→ DATASET SECTION
-- Opening Marker --
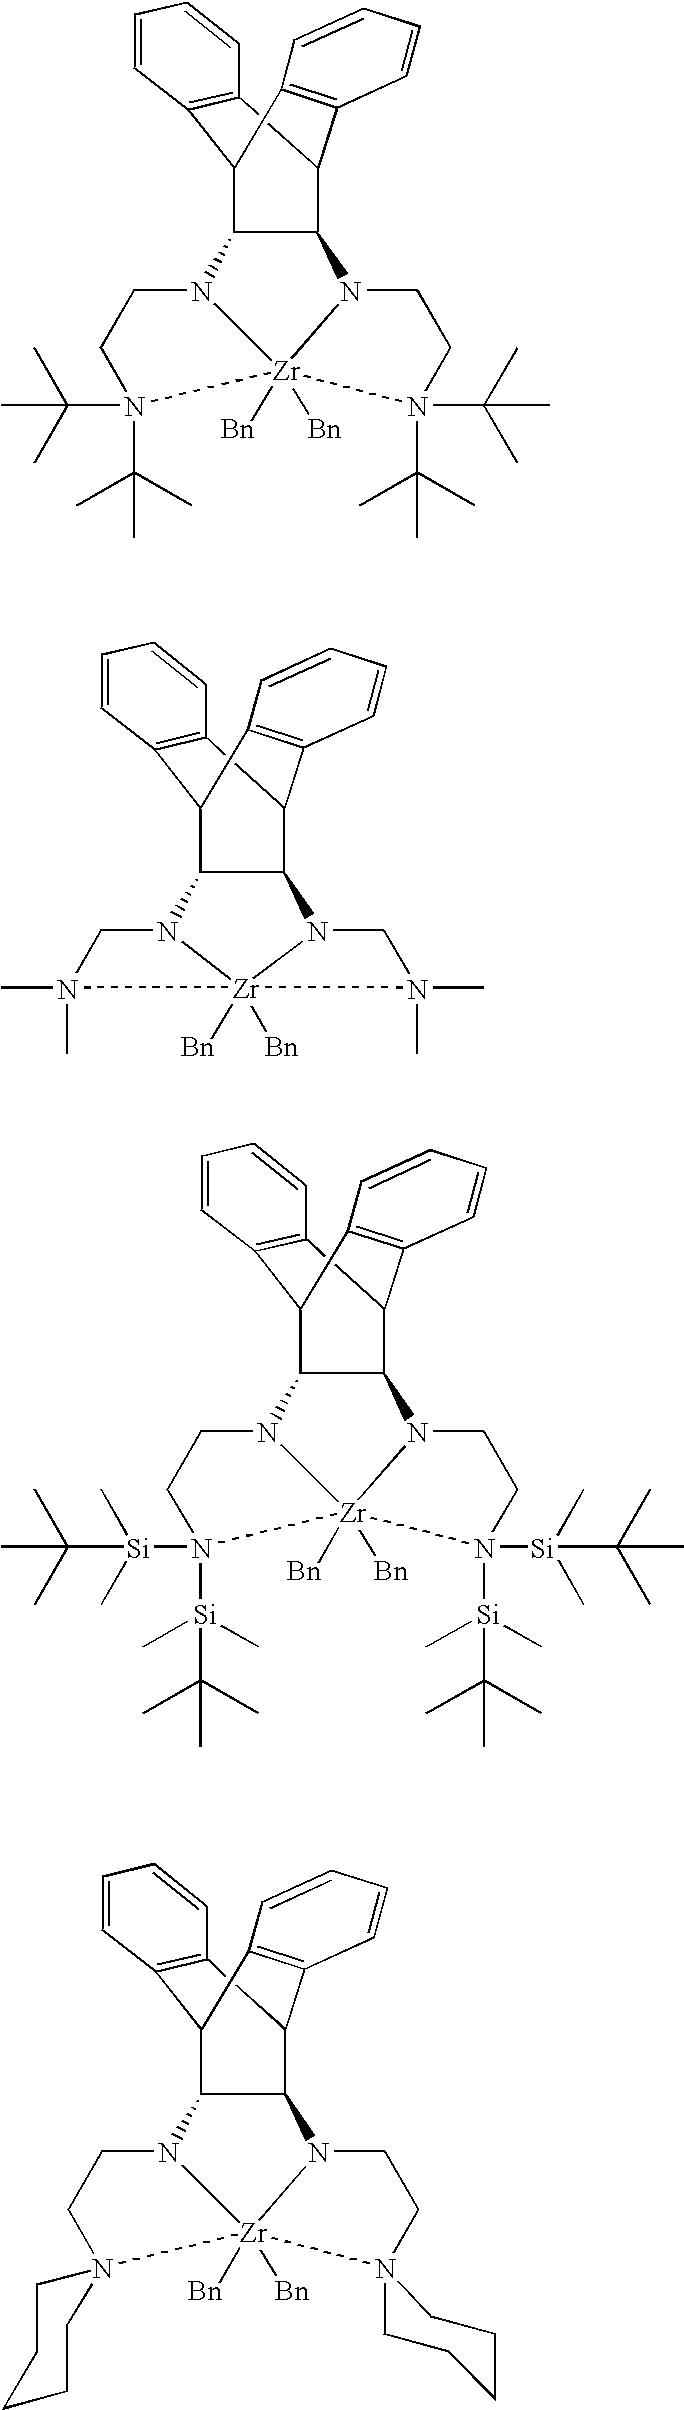 Figure US20060135352A1-20060622-C00018
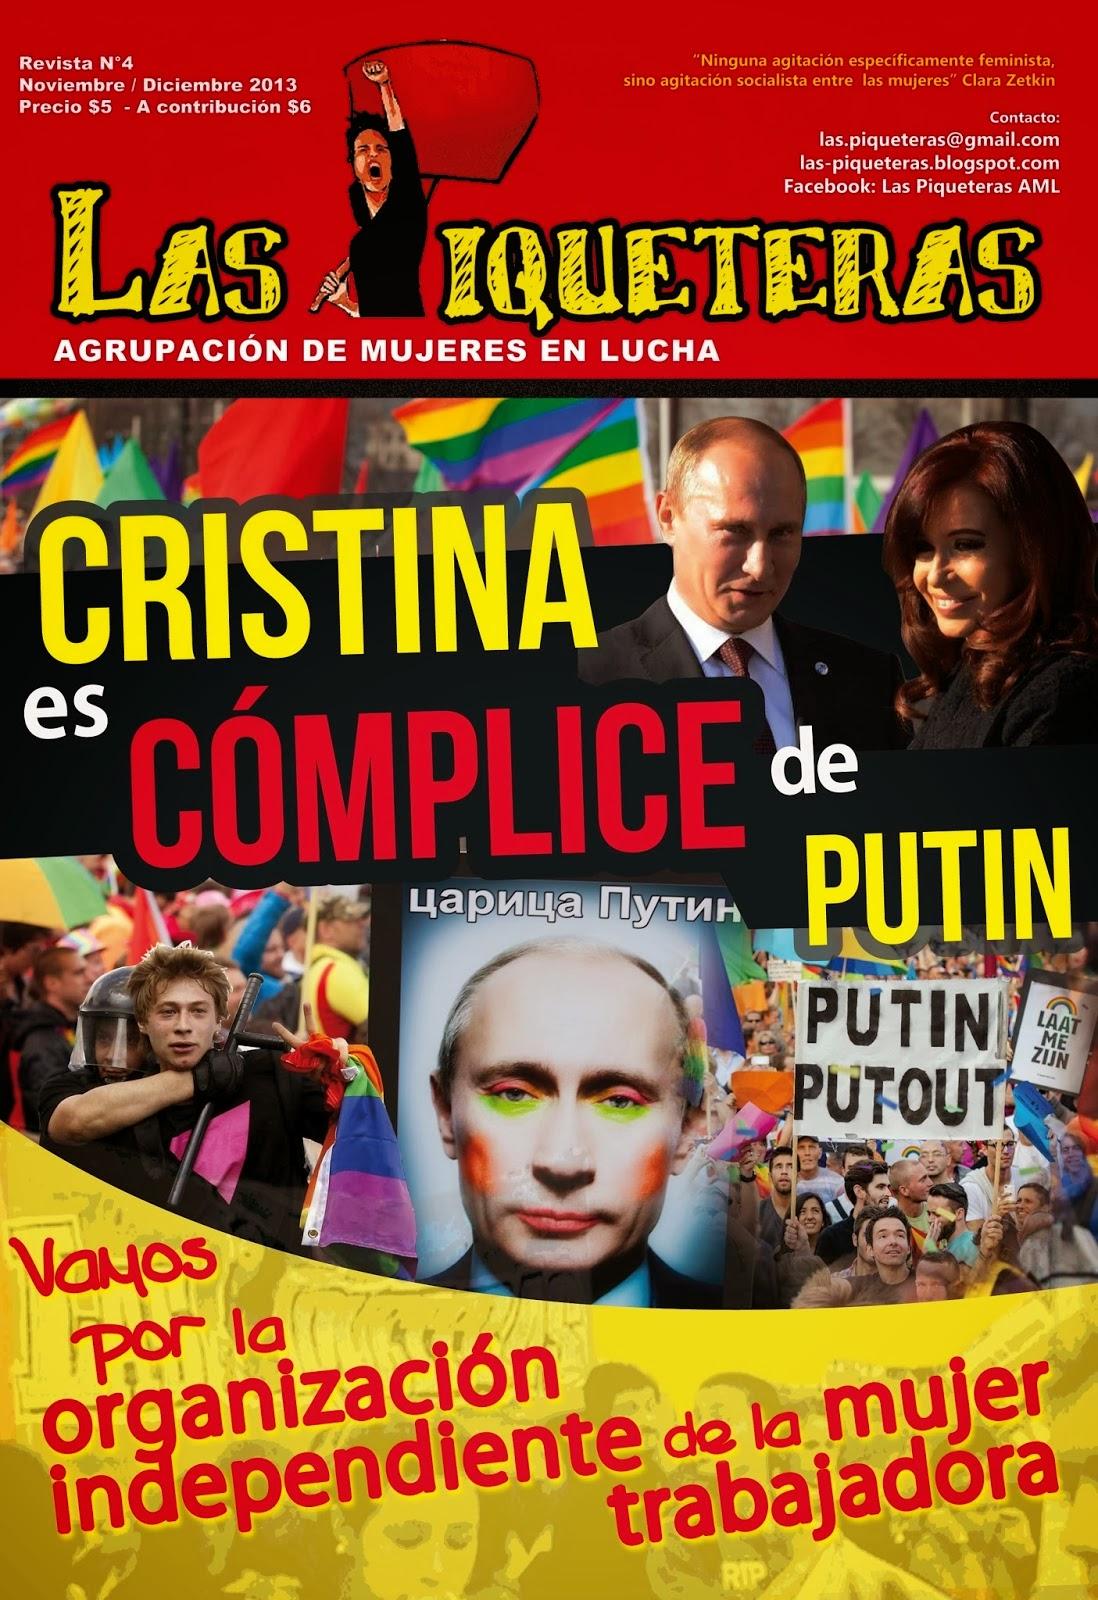 REVISTA DE LAS PIQUETERAS Nº4 - Noviembre 2013
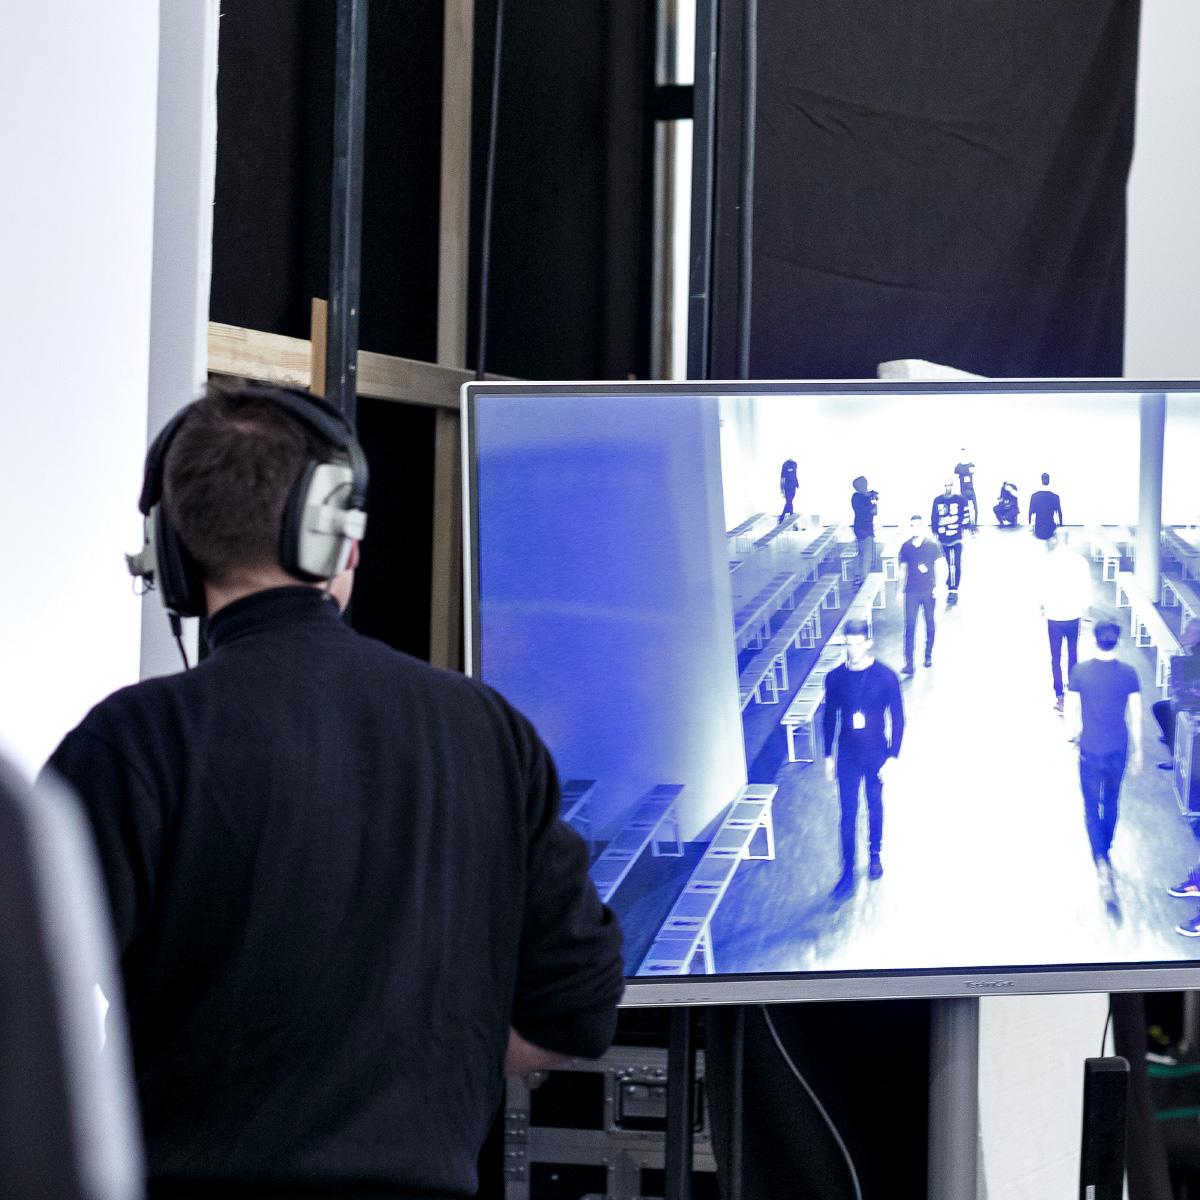 brachmann_backstage_aw1617_026
-- Closing Marker --
→ ASSIGNMENT
Every line from the one containing "REVISTA DE LAS" through the last line of the data, both included, is to be repeated exactly; the pictures are to be left out.

→ WRITTEN RESPONSE
 REVISTA DE LAS PIQUETERAS Nº4 - Noviembre 2013
 brachmann_backstage_aw1617_026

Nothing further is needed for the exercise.